Microsoft Director of Search Stefan Weitz explains that the future of machine learning consists of teaching artificial intelligence to identify patterns. This will allow, for instance, a search engine to critically analyze your search queries rather than simply scouring the web’s index of results.
Stefan Weitz: So machine learning. What is machine learning? Machine learning really is teaching machines how to find patterns in large amounts of data. The way it works is you’ve got a black box. Think of this as just this set of algorithms in the center that can turn a mass of unstructured data or a mass of confusing data into something which is less confusing and more structured. So what happens is you basically tell the machine, "I’m going to give you all this input on this side and I’m going to tell you what the input should look like post-processing on this side." So you kind of give it the hint. And what it does is the machine says, "Okay, well how do I get from point A to point B?" And it builds, in essence, a pattern to say, "Oh, okay, when I see all this data, to get to this structured set of data I have to do all these computations in the middle to move it from unstructured or messy to structured and beautiful." And that can apply not just to data. It can apply to anything. It can apply to faces. It can apply to types of cats. Whatever it might be you’re basically saying, "Hey machine, this is a cat."
And it says, "Okay, when I see two eyes and a little pink nose and some whiskers — it doesn’t actually say this, but that’s what it’s thinking — then that is a cat." So you teach machines, in essence, to recognize patterns in data, in pictures and whatever it might be. So that’s machine learning basically. You’re in essence helping machines find patterns in massive amounts of data. How does it apply to things like natural language? Well the beauty of machine learning, the beauty of things called deep neural networks allow in essence machines to not think like humans; that’s too much of a stretch. But certainly operate in the same way that we operate. The same way that, for example, when you’re a child you might see a ball on the floor. You don’t know what it’s called. You don’t know how it’s constructed or anything else, but over time people, as you’re walking around the house, your mom or your dad will say, "Look at that ball," or, "Go get the ball." And so what’s happening is that over time you’re getting reinforced that when you see an object on the floor that is stationary and has a certain circumference and looks a certain way you begin to understand ah, that’s a ball, because you’ve heard it over and over again. And machine learning and natural language processing operates much the same way except instead of having your mom or dad point at the thing and say, "That’s a ball three or four times," machines now have trillions of observations about the real world so they can learn these things much, much faster. So for NLP, it’s critical because our ability to interact with search really is predicated on the system’s understanding of what it is we are asking.

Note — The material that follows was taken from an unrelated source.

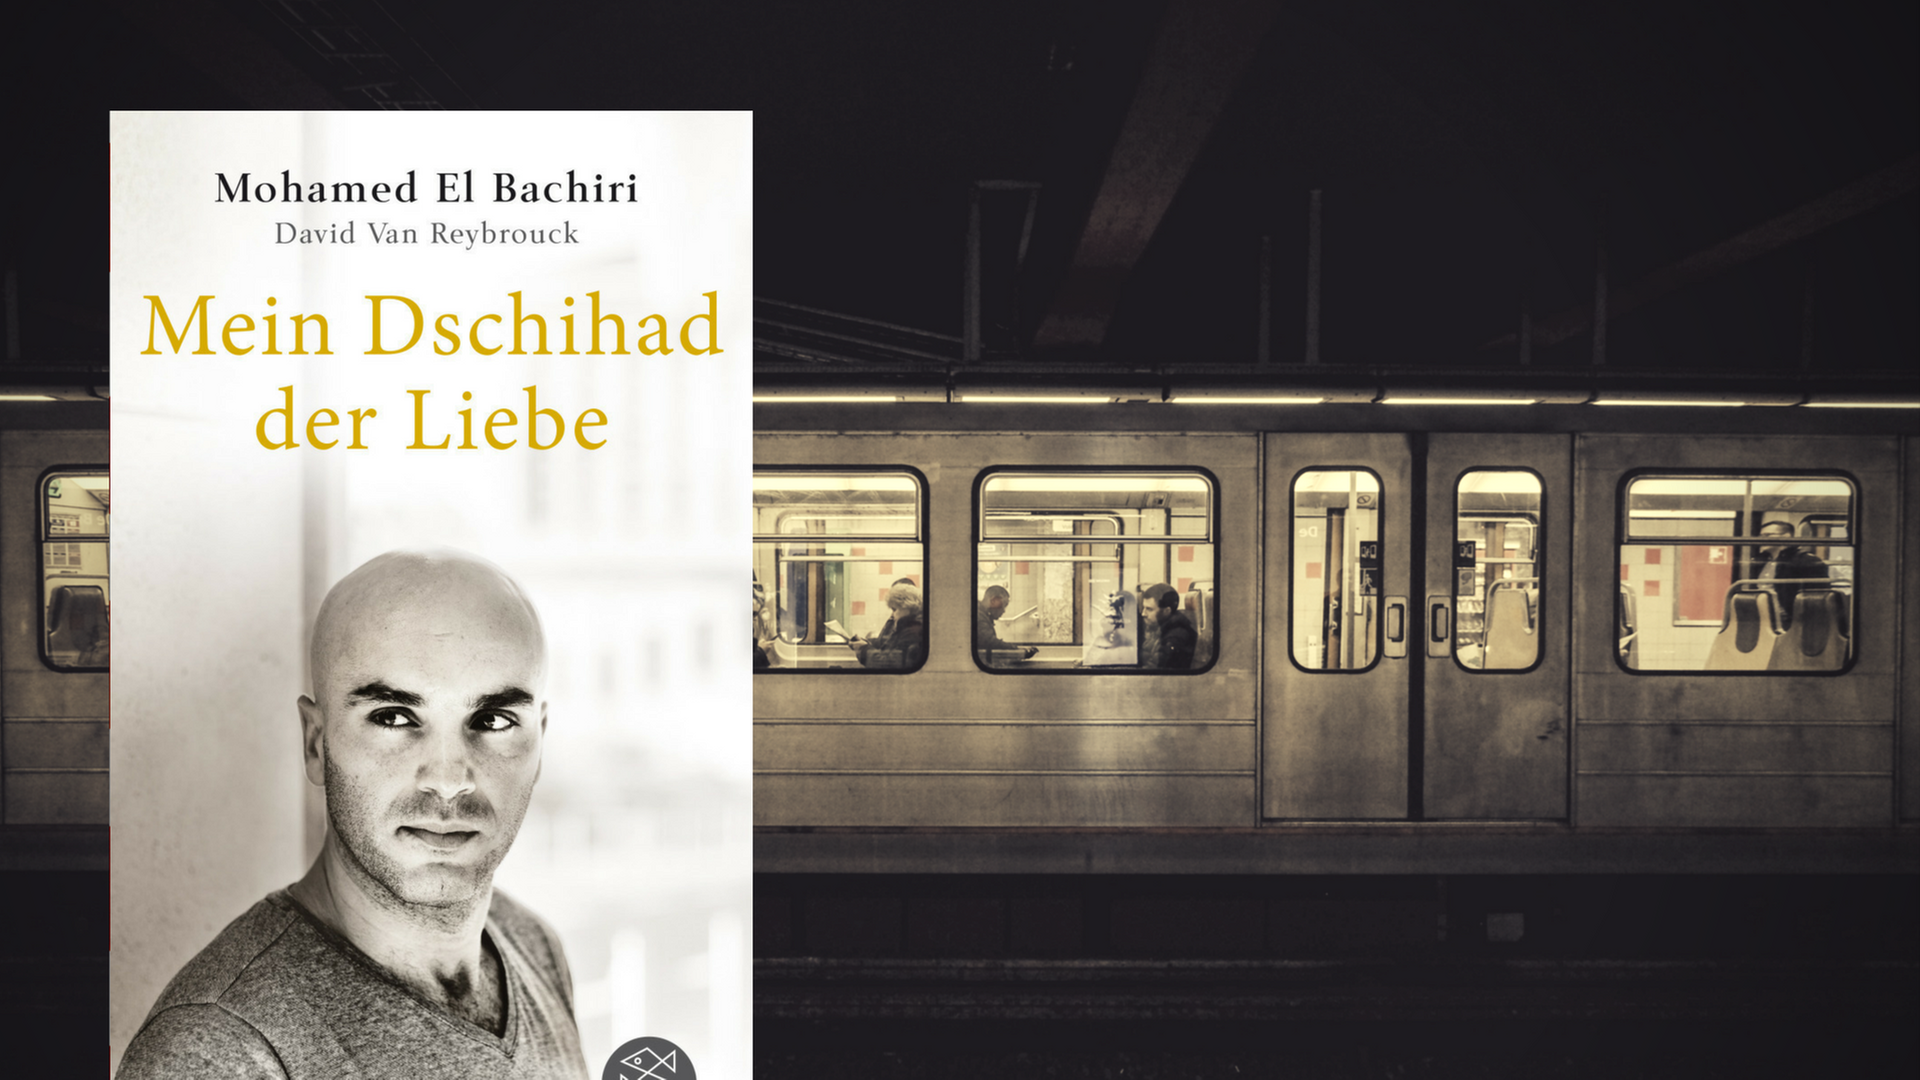 Mohamed El Bachiri, David Van Reybrouck: "Mein Dschihad der Liebe"

Traditionally again machines will return back results or web pages based on the keywords that we put into the box. But if I were to ask a search engine, "Why is there no jaguar in this room?" today we would get back five and a half million results for that question, none of which make any sense of course. With natural language suddenly because the search systems understand what a jaguar is — it’s a car; it’s a sports team I think; it’s an animal; it’s a mammal of some sort. It understands what a room is. It understands the construct of that sentence. When you ask a search engine in the very near future why is there no jaguar in this room, the response will not be 5.6 million results. It’ll be a question back to you saying, "What do you mean?" Like are you asking why there’s no Jaguar car in this room? Are you asking why there’s no jaguar animal in this room? And then, yes, I meant the second one. Why is there no jaguar animals in this room? And because again the search engine understands what jaguar is, an animal is and where they usually live. And then it says "Well because you’re not in a jungle and jaguars generally don’t live in conference rooms like this." And so an NLP becomes very exciting because it’s modeled on the notion that the system, that the search system understands the physical world, everything in it and how all those things relate to each other. And so suddenly now you begin to be able to engage in dialogue just as you and I would do as humans. When we have a question on meaning or intent or context we engage in clarifying questions. That’s what will happen with NLP and search and is already happening today in certain cases.